Du Bois and Woodson raised a generation of students and disciples, not just in history, who, though largely ignored in mainstream American scholarship, would collectively create much of the groundwork for the study of the African-American experience. Yet the relatively greater access of Jews to white academic institutions and scholarly organs made them useful partners and mediators. Several of the most important Jewish influences on the early development of Black history were second-generation American Jews whose fathers had been immigrant small businessmen.
Although not a historian per se but an anthropologist, Melville Herskovits' influence on the field of Black history was deep and multifaceted. He famously argued, almost singularly at the time, for the survival, over centuries, of African religious, linguistic, musicological, and other cultural patterns of behavior despite violent dislocation, slavery, and concerted efforts at cultural erasure. Throughout his life, Herskovits remained fascinated by the processes of cultural assimilation and retention. As a boy, his family had moved through a series of small towns in Ohio, Texas, and western Pennsylvania, where his Jewish identity was defined by his family's celebration of both Jewish and Christian holidays. Herskovits was sufficiently drawn to his Jewish heritage that he initially set out to become a Reform rabbi before abandoning that ambition in order to become an anthropologist.
Many Black intellectuals and scholars of Herskovits' generation, influenced by Depression-era efforts at creating class-based united front of White and Black workers tended to view Black culture as simply a variation of White working class culture. To the extent that Black culture displayed distinctive features, these were mere byproducts of discrimination that would fade through the amelioration of Jim Crow practices. As the Black sociologist E. Franklin Frazier put it, "The most conspicuous thing about the Negro is his lack of a culture. Owing to the method by which he was captured in Africa and subsequently enslaved in America, the Negro was practically stripped of his cultural heritage."

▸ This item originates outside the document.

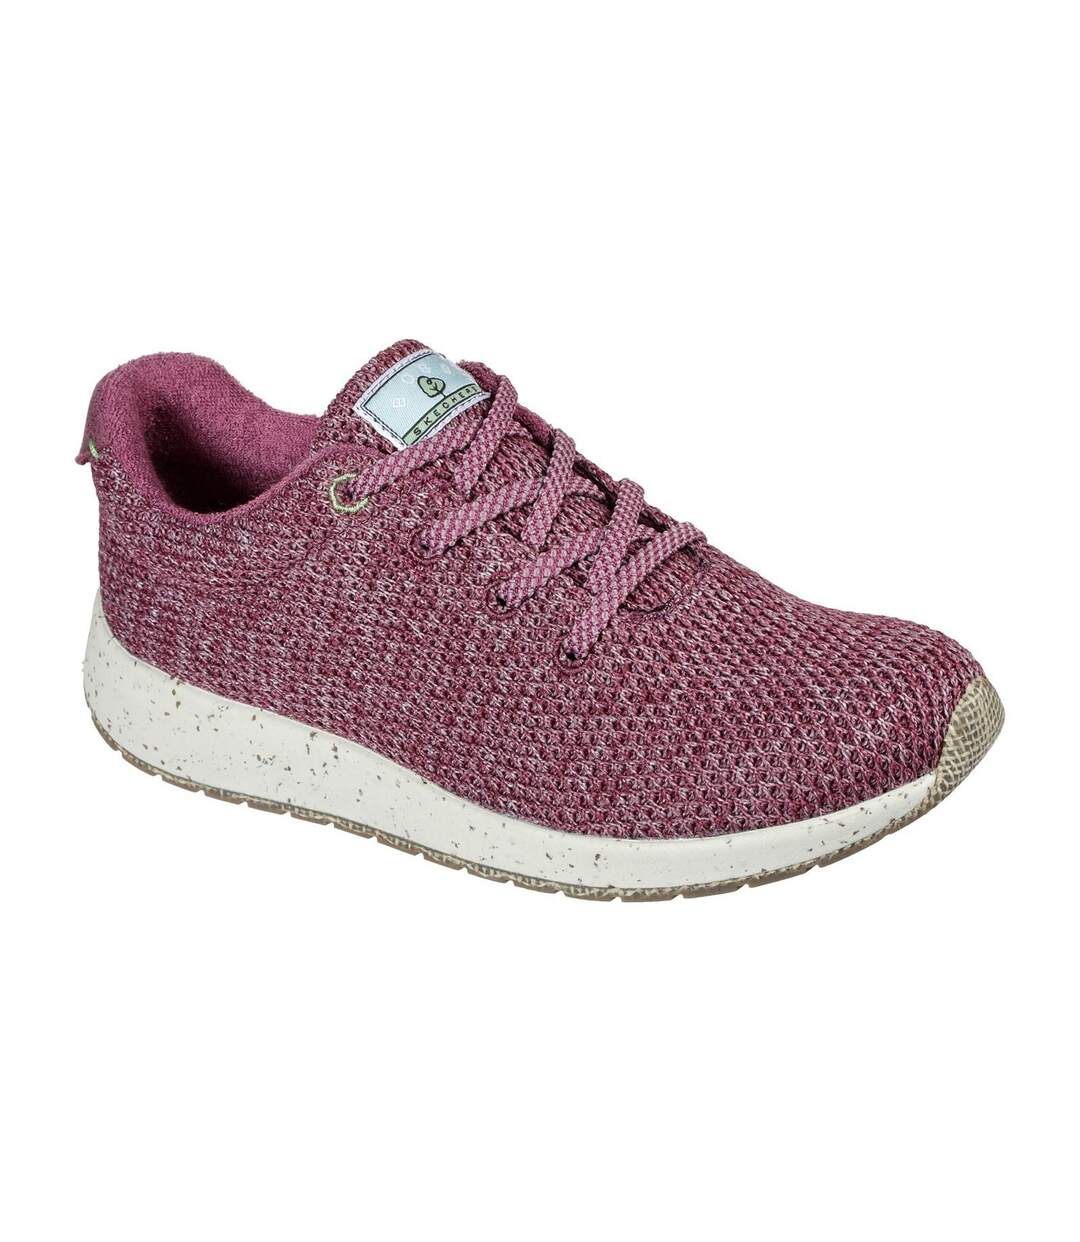 Skechers Womens/Ladies Bobs Earth Sneakers (Raspberry) - UTFS7660

In an extended debate with Frazier, Herskovits forcefully made the case for retentions utilizing findings from his fieldwork in Africa, the Caribbean, and the American South to insist that Black folklore, speech patterns, spirituals, and blues music, culinary tastes, and other behaviors had evolved from African ones in ways that distinguish Blacks from all other American subgroups. While others, including Du Bois, Woodson, as well as Alain Locke had made similar if more impressionistic and polemical claims, younger scholars like Frazier and Ralph Bunche vehemently rejected the case for African retentions. Indeed, it was not until the 1960s and '70s that Herskovits' case was taken up and documented by younger academic scholars, notably the outstanding Jewish historian Lawrence Levine and the Black nationalist historian Sterling Stuckey.
The second major Jewish figure in the early development of Black historiography was the Marxist scholar Herbert Aptheker-- 1915 to 2003. While Aptheker largely avoided the cultural questions that preoccupied Herskovits, neither his devotion to class analysis nor his unflinching representations of the horrors of slavery led him to adopt a view of it as a successfully deracinating institution, a la Frazier and others. On the contrary, of Aptheker's many contributions to the field, none was more important than his pioneering studies of slave rebellions in the first half of the 19th century, particularly Nat Hentoff's-- Nat Hentoff's-- Nat Turner's 1831 uprising in Virginia. Previous historiography had typically depicted these events from the perspective of horrified White Southerners as orgies of savage Negro barbarism. Aptheker, in contrast, revealed them as acts of heroic popular resistance.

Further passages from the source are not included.